Last edited by PM17E5 on Tue Aug 28, 2012 5:06 pm; edited 3 times in total

----------

## PM17E5

I guess I'll just have to sit this kernel out and see if the next one works?

----------

## PM17E5

Anyone have any ideas of where to start looking?

----------

## manny15

Check this out: https://bugs.gentoo.org/show_bug.cgi?id=428748

----------

## PM17E5

I tried to downgrade xorg-server to 1.12.3 but it still keeps giving me the same errors. I've since deleted my original screenshot and here is the newest one:

https://www.dropbox.com/s/yw0hcjyk5n3uvb2/2012-08-26%2015.11.12.jpg

Also, I have just tried this with gentoo-sources-3.5.2 with the same results as well. I'm still kind of skeptical that xorg-server would cause this.

----------

## PM17E5

*bump*

----------

## DirtyHairy

Does this happen during system startup, or while the system is running? Also, there is no proper trace in the kernel oops, have you activated framepointers in the kernel configuration (under "kernel hacking" in menuconfig, need "kernel debugging" enabled)?

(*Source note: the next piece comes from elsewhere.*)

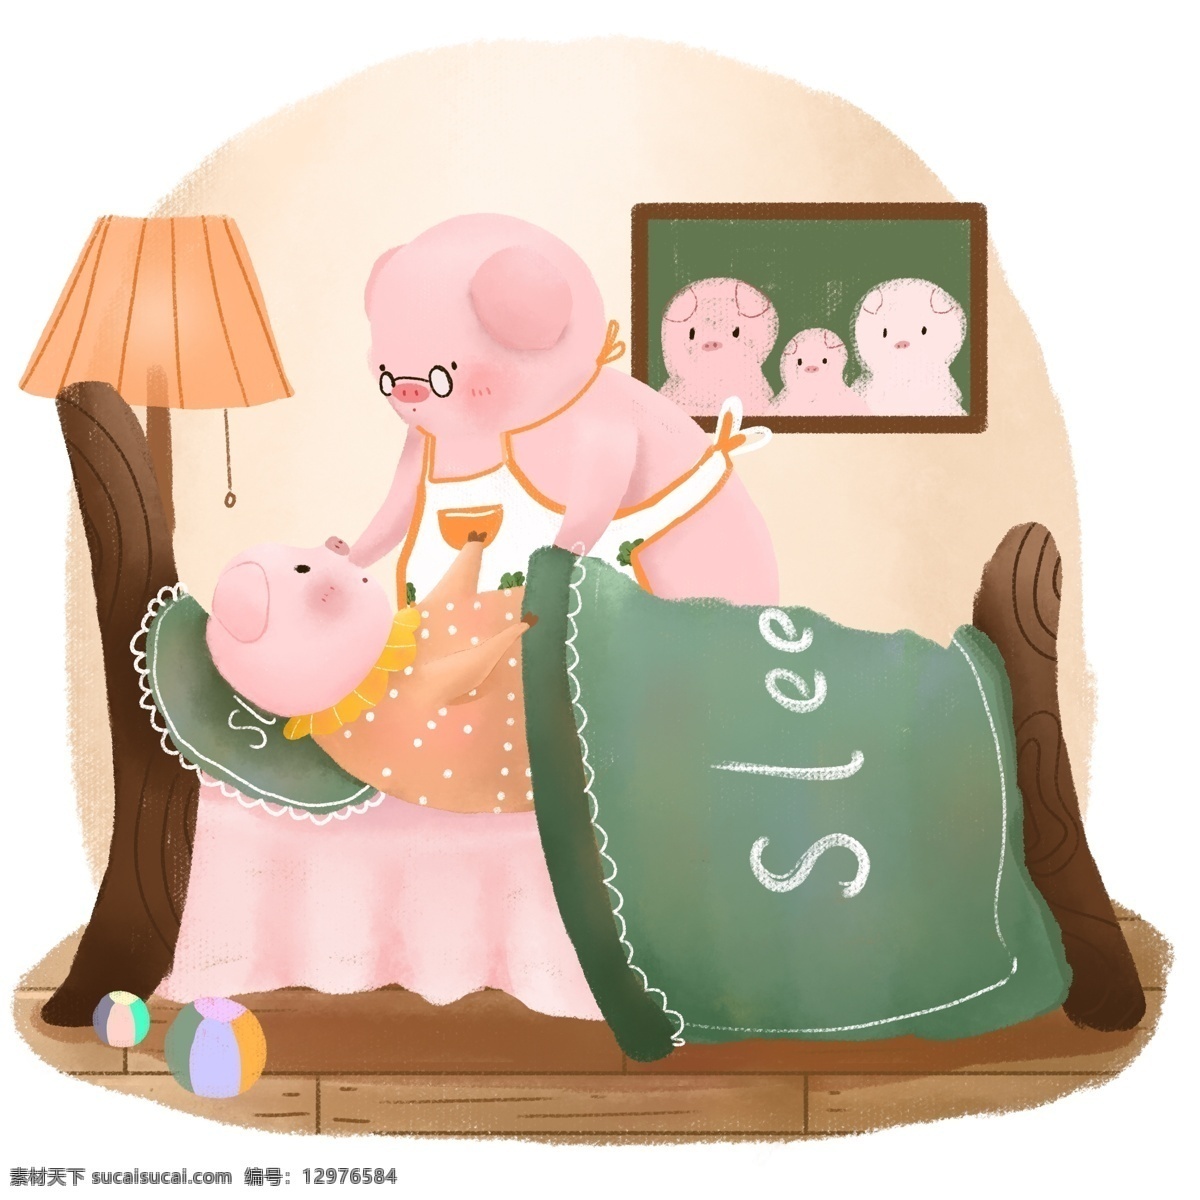 生肖 动物 猪 卡通 可爱 儿童 手绘 插画 晚安 睡觉 元素 卡通可爱
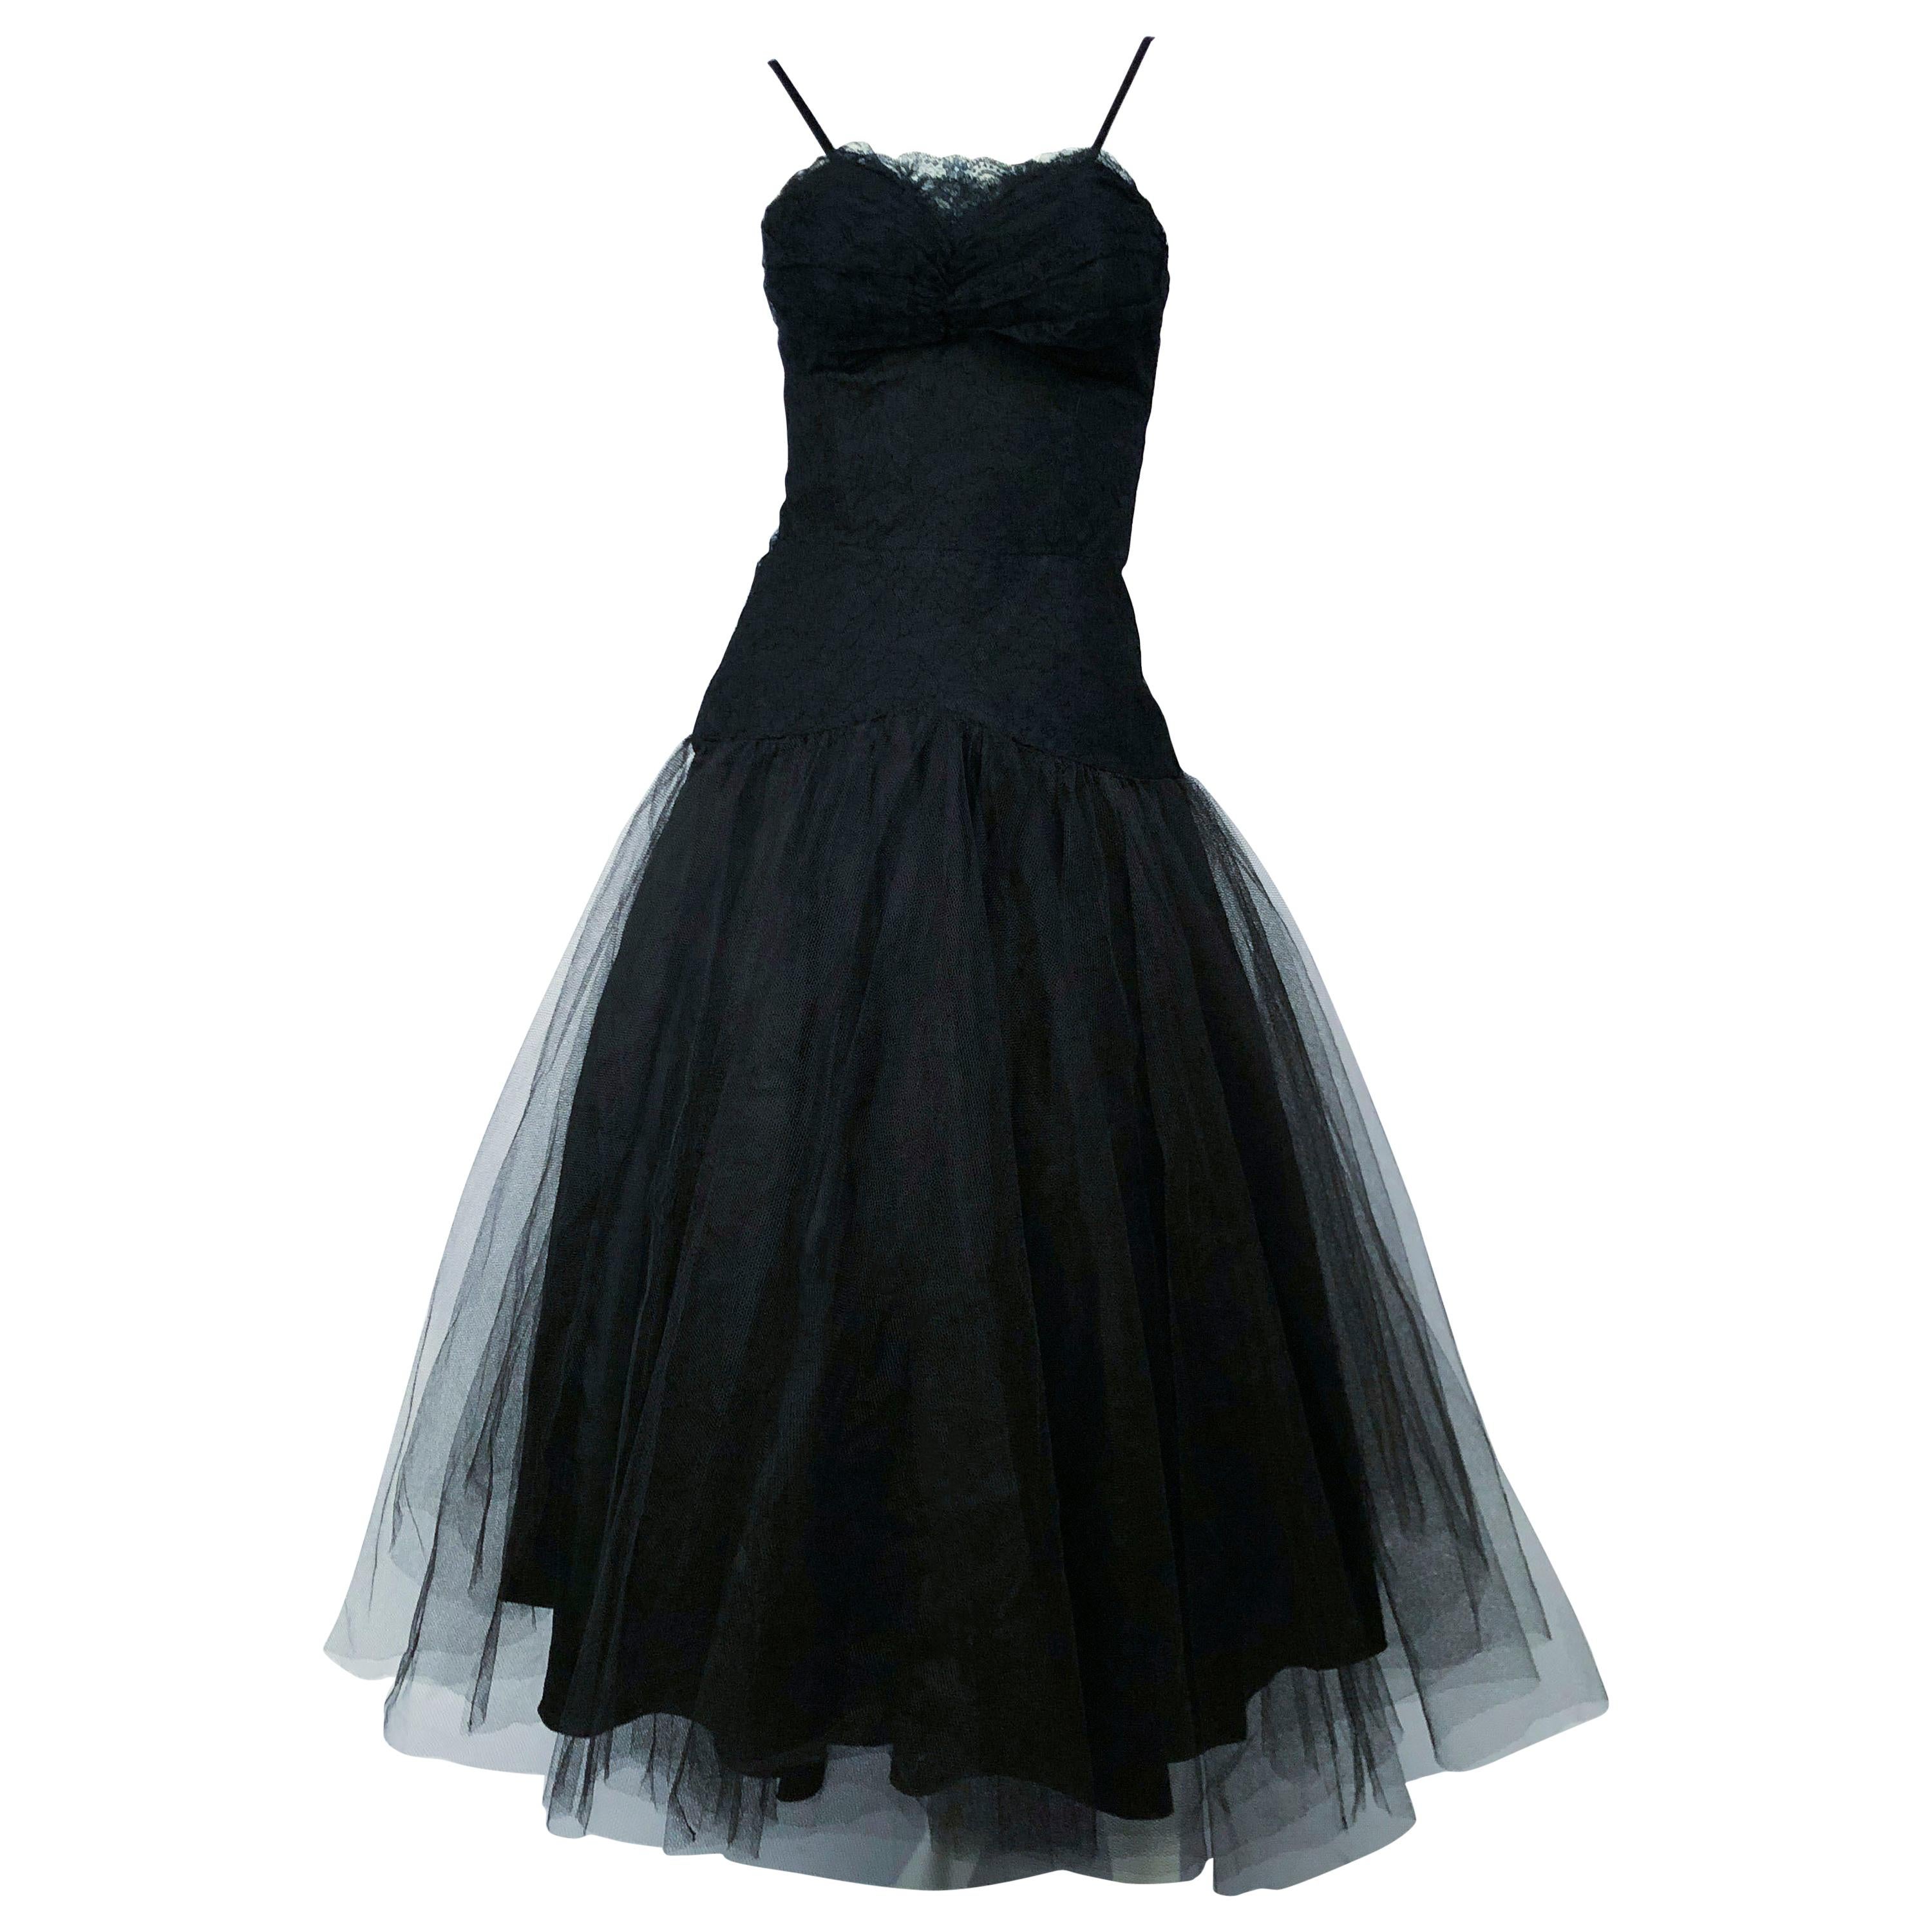 1950s Beaumelle Black Cocktail Dress

EDIT: Just noticed your kernel configuration. FRAME_POINTER is not enabled, please enable it and recompile the kernel in order to obtain a proper trace.

----------

## PM17E5

Thanks for that tip, I went to recompile the kernel with that enabled, and noticed it was just upgraded to 3.5.3. So I recompiled, rebooted, and everything worked  :Smile: . I'm guessing whatever bug it was, it existed from 3.5.0-3.5.2 but now it boots without problems.

----------